We’re overdue for a federal election in Canada. And it’ll be an easy win for the Tories, with widespread dissatisfaction with Trudeau’s Liberals. This gives me a bit of hope that some of Trudeau’s excesses will be curbed, and that we might see the beginning of a turn away from the widespread culture of woke corruption that permeates the national zeitgeist. But still I worry that the long-term prospects for Canada are dire, because neither side, Blue nor Red, should wield so much power that the Liberals are trying to forge with their Firewall of Shame.
In the meantime, while we all wait and see what a new election brings, at least there’ll be entertainment.
Law and Order, the venerable TV series of ripped-from-the-headlines crime stories has just launched a new spin-off that takes place right here in Toronto. I’m not surprised. With all the corruption going on in Canada, their writers have no shortage of material to draw from.

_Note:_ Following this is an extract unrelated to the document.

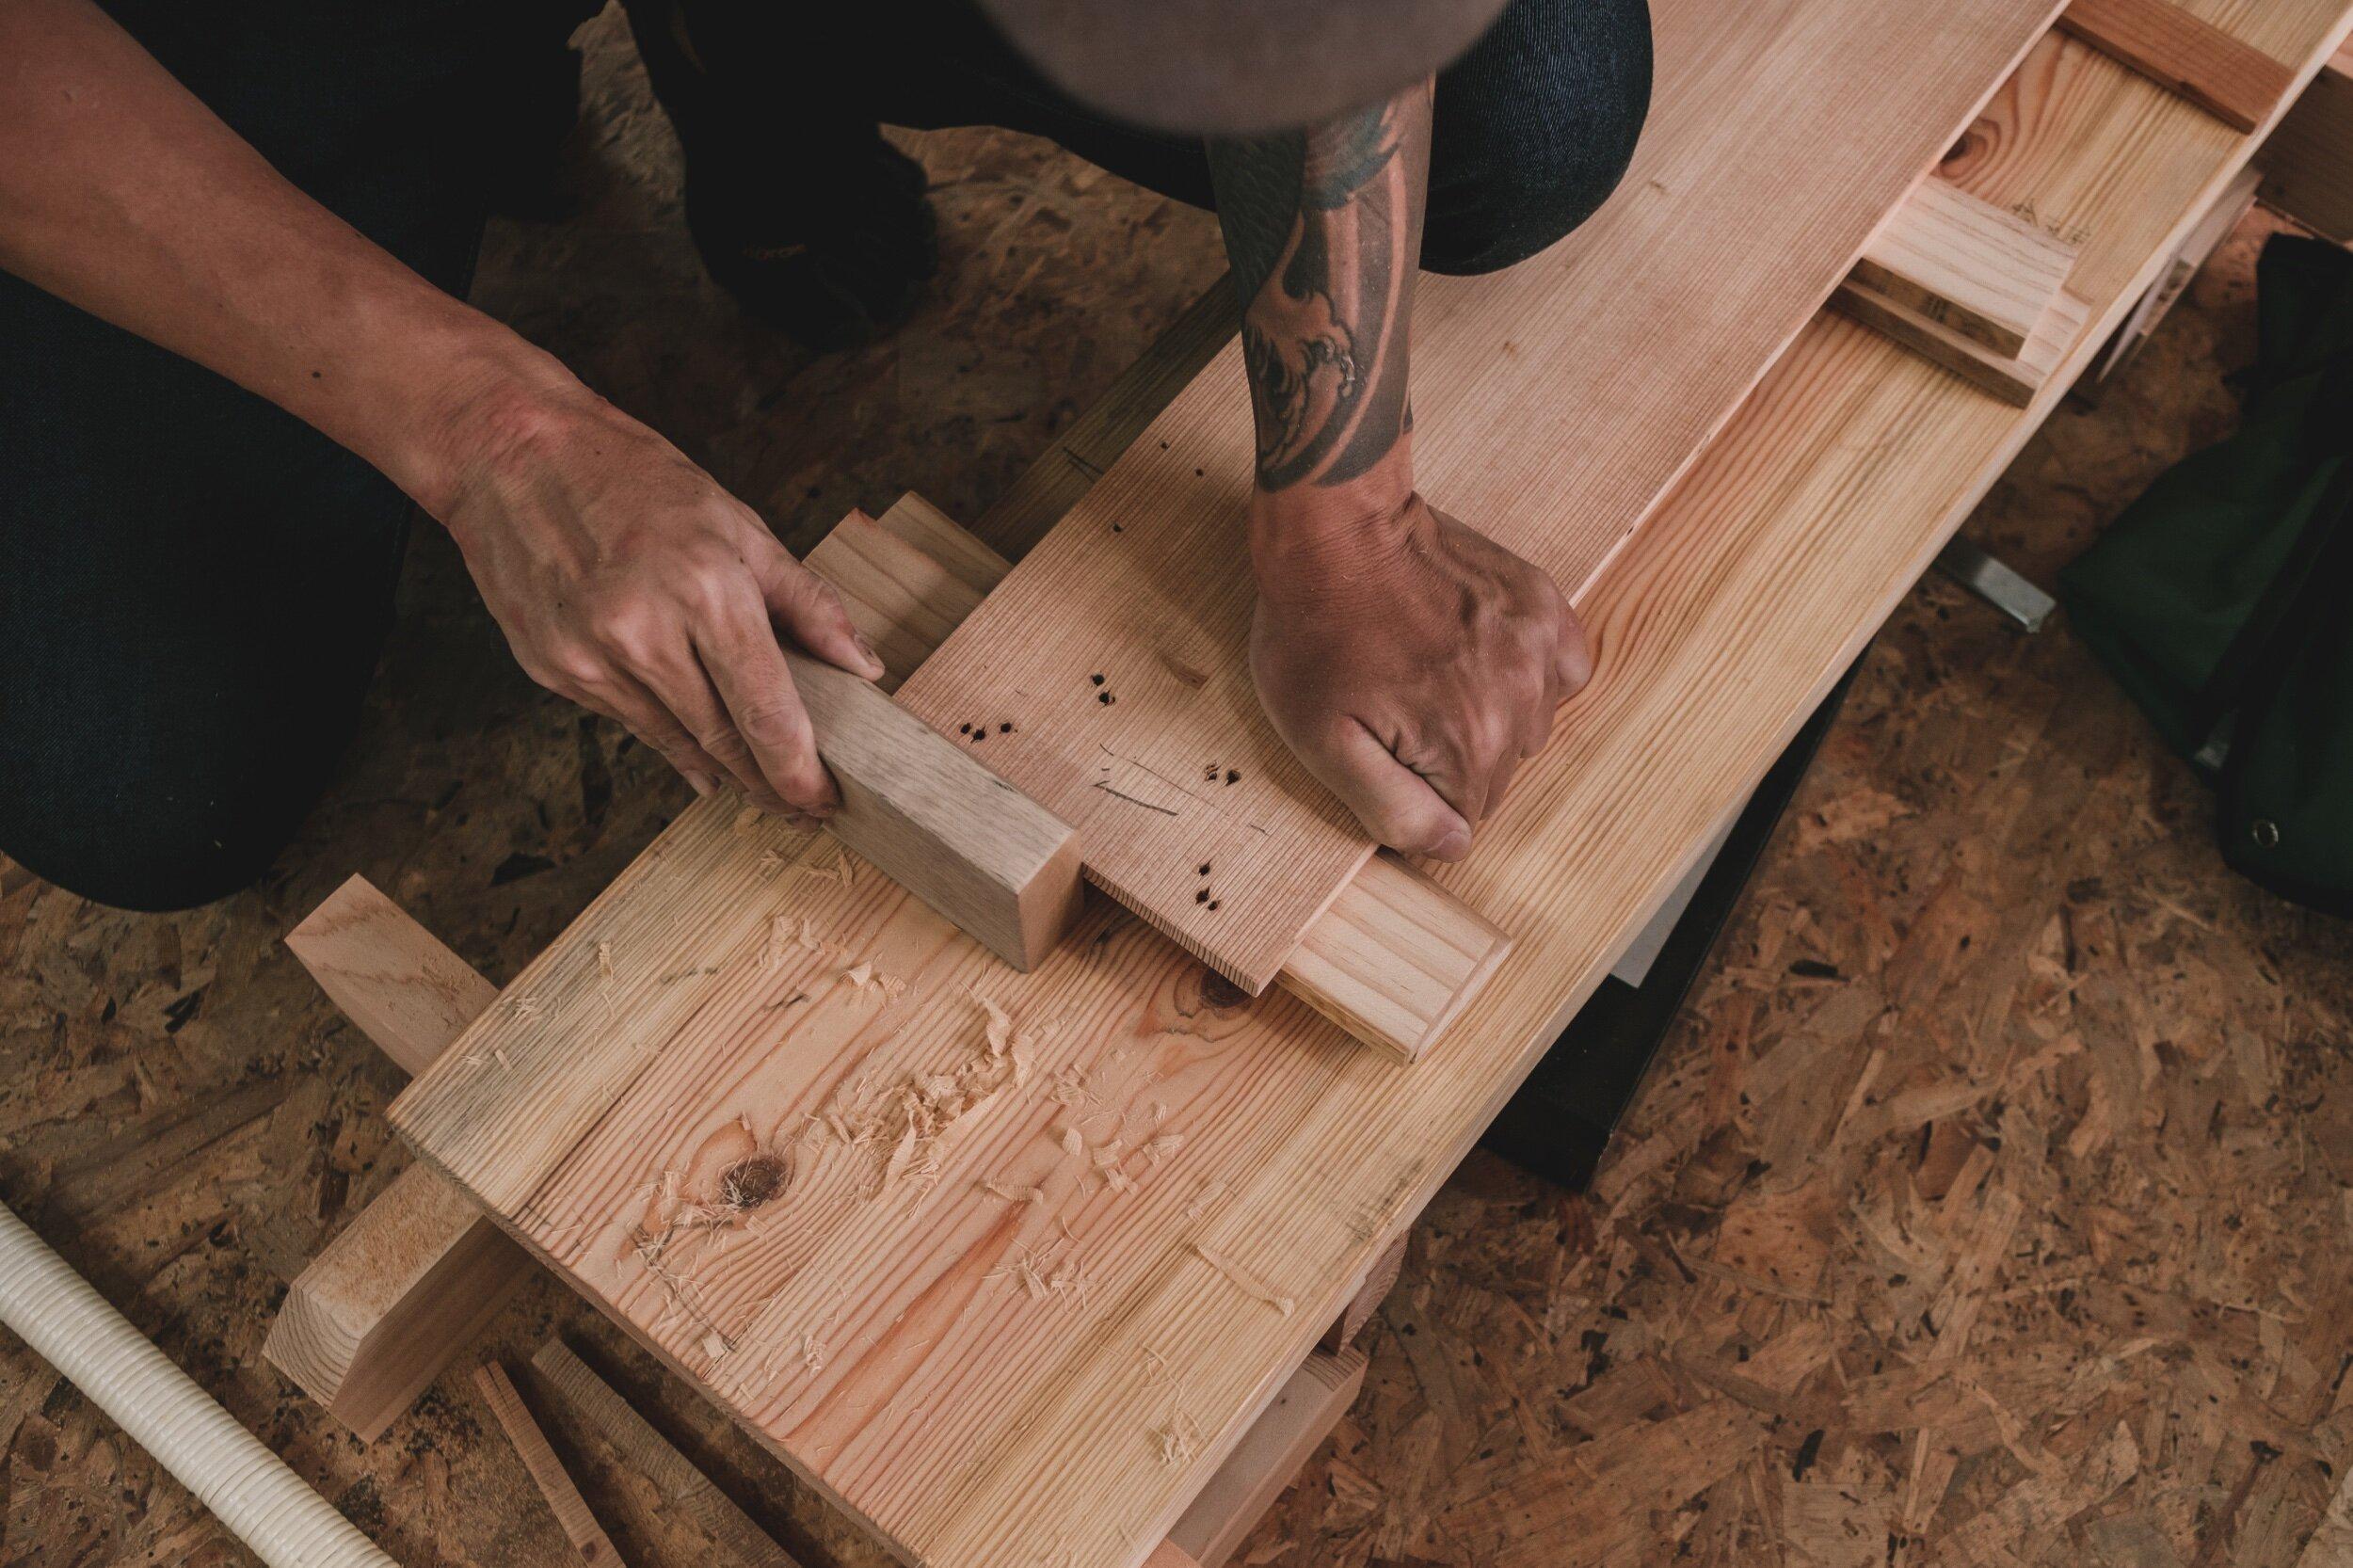 Woodcraft Course Beginner Shokunin Mokko Wood Studio

Great article Arty. You’re a talented and convincing writer.
Things in the U.K. not much better. Politicians terrified or for some other reason paralysed into inaction. I’m starting to think we may need to sack 50% of the civil service, they just don’t enact policy they disapprove of and they are completely captured by wokery. The result is even the Tories can’t get anything done about education. So we sack half of them and the rest better get the fucking message: Do. Your. Jobs.
Terrific and terrifying read, Arty. I used to think that Canada was this great place of opportunity for British people (and others) to emigrate to. It probably was back in the day, and I am truly sorry to see it sink into the woke morass. Sad.